The British Retail Consortium (BRC) said customers would benefit from cut price offers on electrical, beauty and clothing ranges, while spending was set to outstrip last year. But it warned that the coming year would be “challenging” for retailers.

In its “Festive FAQs” newsletter, it said that negative inflation, which was at -1.7 per cent in October, the 42nd consecutive month of deflation, would force retailers to slash prices even further in the last few days before Christmas.

However, the BRC said that Christmas Day itself had become a key shopping day due to e-commerce, social media and rocketing ownership of smartphones and tablets with which to order goods.

David Lonsdale, director of the Scottish Retail Consortium, said: “The weeks leading up to Christmas are the most important trading period in the year for many retailers, with December accounting for 12 per cent of all retail spending in the UK last year.

“The next few days will be particularly busy with gift-related shopping, while the focus in the final days before Christmas Day itself will largely be on festive fare.
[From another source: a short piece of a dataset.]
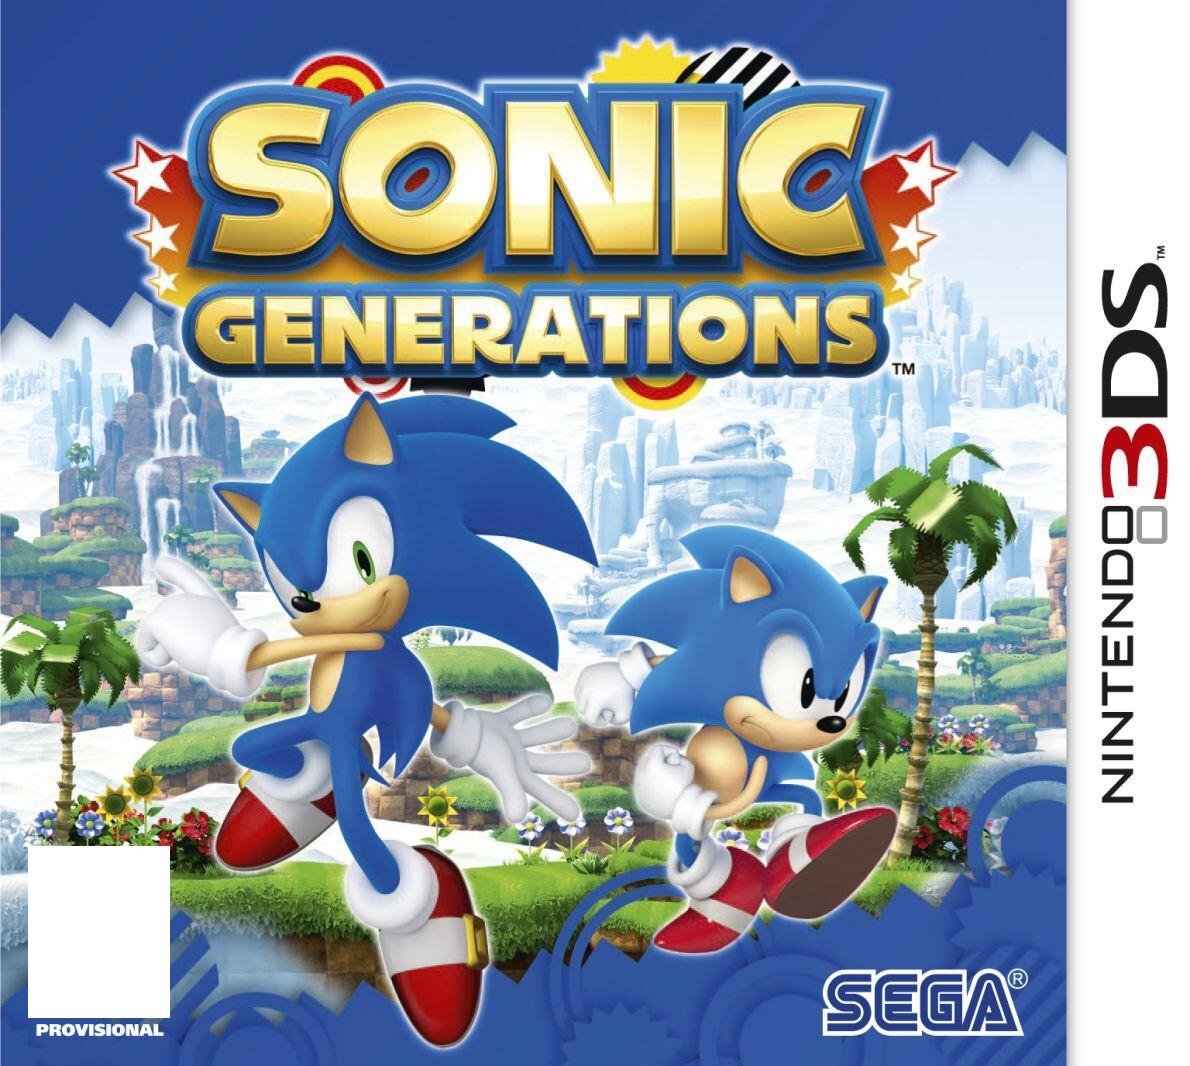 Sega Sonic Generations Nintendo 3DS

“Last year shoppers spent £42 billion in December in the run up to Christmas Day. With shop price inflation low and average pay growth still continuing to outstrip inflation, consumers are set to benefit from some great deals on items such as clothing, beauty products, electrical goods, home entertainment and seasonal fare.

“Our surveys show that online retail sales are growing annually by 11 per cent. Those retailers with a strong multichannel offer – meaning customers can shop in-store, at home and on the move – will be best placed to capitalise on this crucial shopping period for the industry.”

The organisation added that 2017 was likely to see a number of retail chains fall into the hands of administrators as cost pressures build in the supply chain and impact on companies’ bottom lines.